» **Your instructions**
Using the data below, return the stretch from the line that contains "Ancient Rome (Imperial)" through the line that contains "women tourists holding", both included, exactly as it stands and nothing beyond it.

» **Listed records**
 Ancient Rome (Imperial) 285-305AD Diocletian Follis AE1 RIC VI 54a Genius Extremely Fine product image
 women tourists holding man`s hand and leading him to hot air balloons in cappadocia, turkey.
...
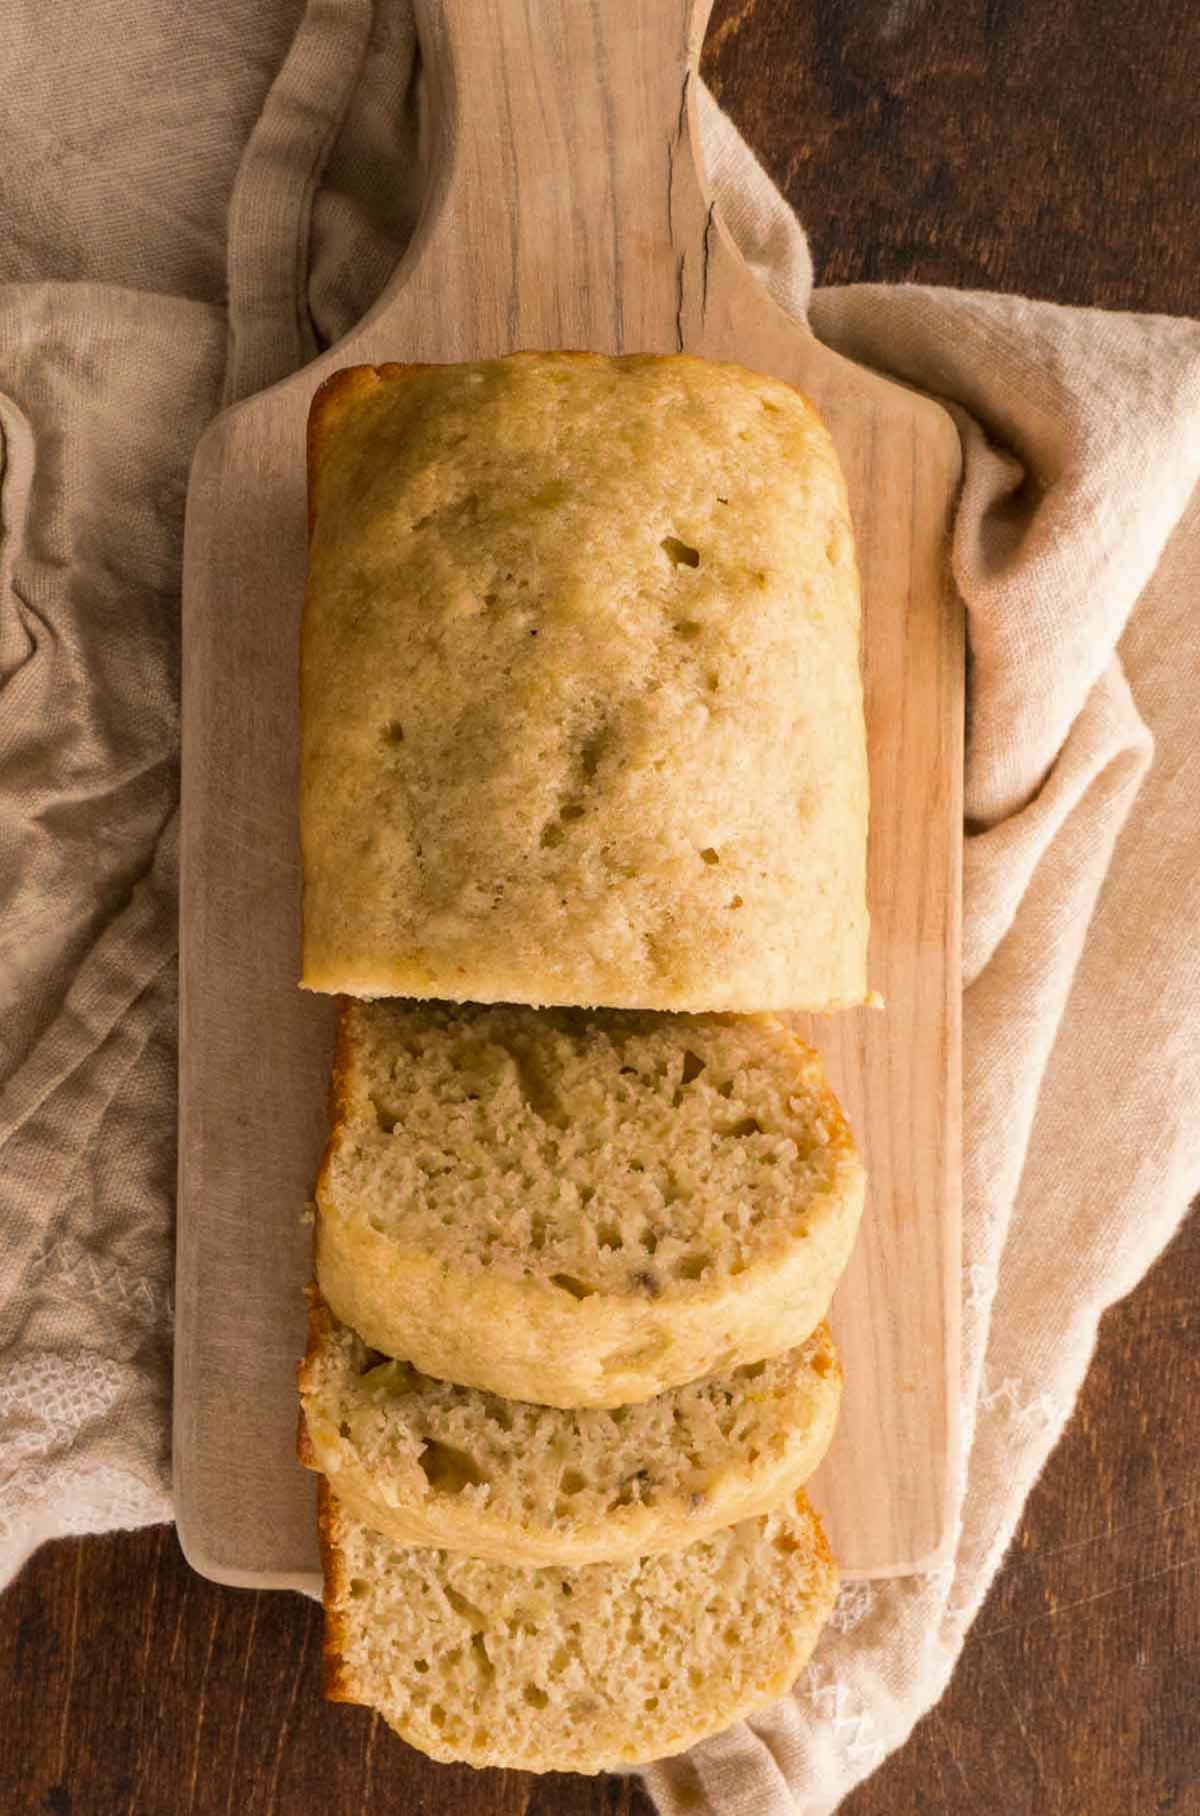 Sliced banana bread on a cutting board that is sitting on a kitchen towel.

» **Result**
 Ancient Rome (Imperial) 285-305AD Diocletian Follis AE1 RIC VI 54a Genius Extremely Fine product image
 women tourists holding man`s hand and leading him to hot air balloons in cappadocia, turkey.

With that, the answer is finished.